• [What to work on]:
Restate verbatim the span of lines below between the line with "Machete +Messer Knife" and the line with "Contoh Surat Lamaran Alfamart", including those two lines, and only that span.

• [Data section]:
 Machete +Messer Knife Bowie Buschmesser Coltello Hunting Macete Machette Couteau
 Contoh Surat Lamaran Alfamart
--
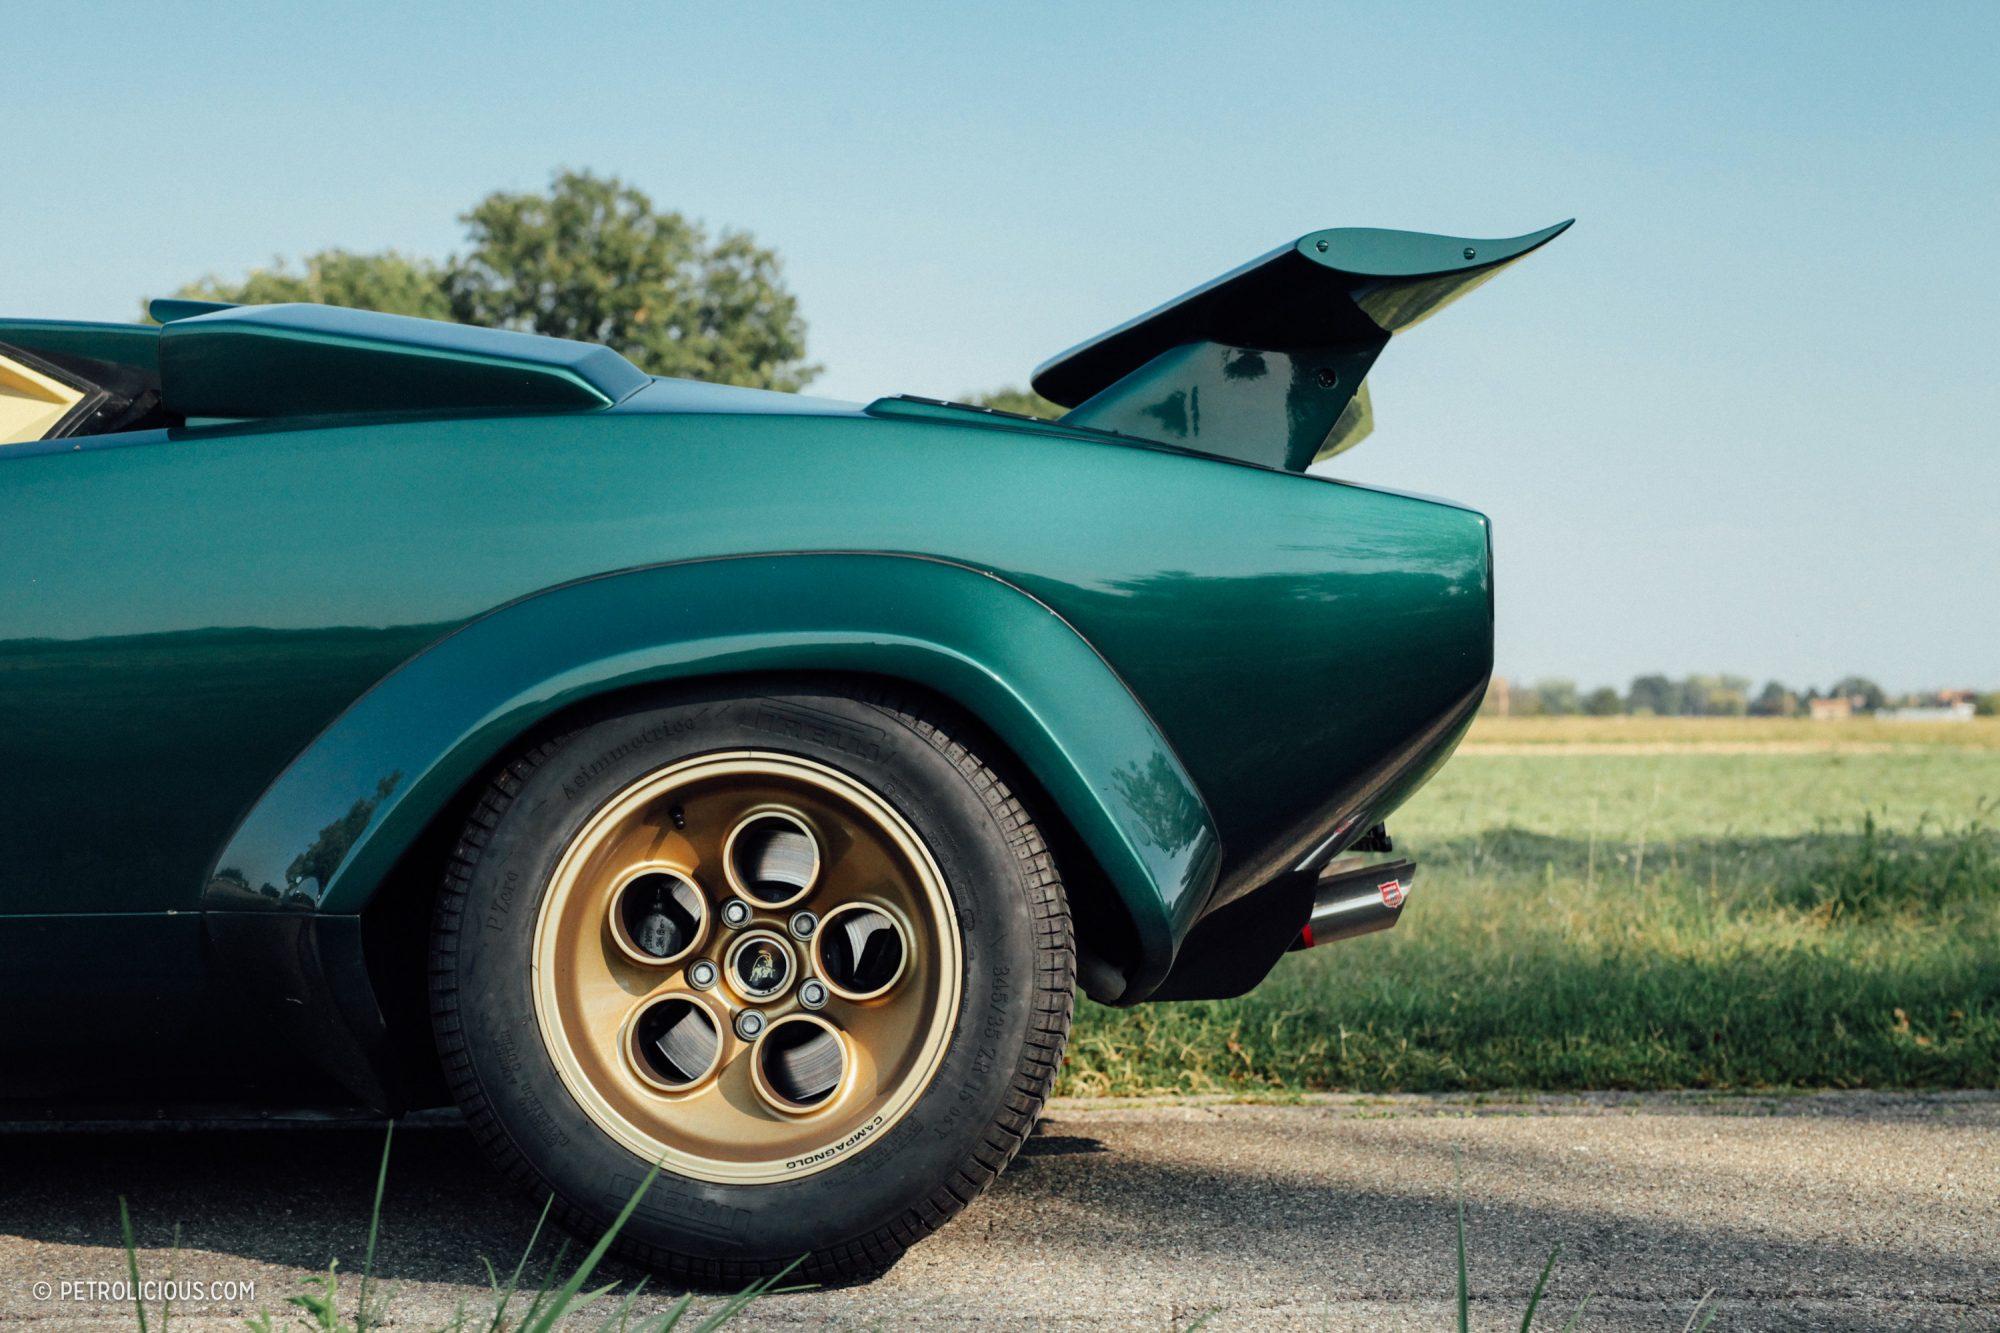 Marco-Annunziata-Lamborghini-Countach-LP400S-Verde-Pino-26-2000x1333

• [Solution to this exercise]:
 Machete +Messer Knife Bowie Buschmesser Coltello Hunting Macete Machette Couteau
 Contoh Surat Lamaran Alfamart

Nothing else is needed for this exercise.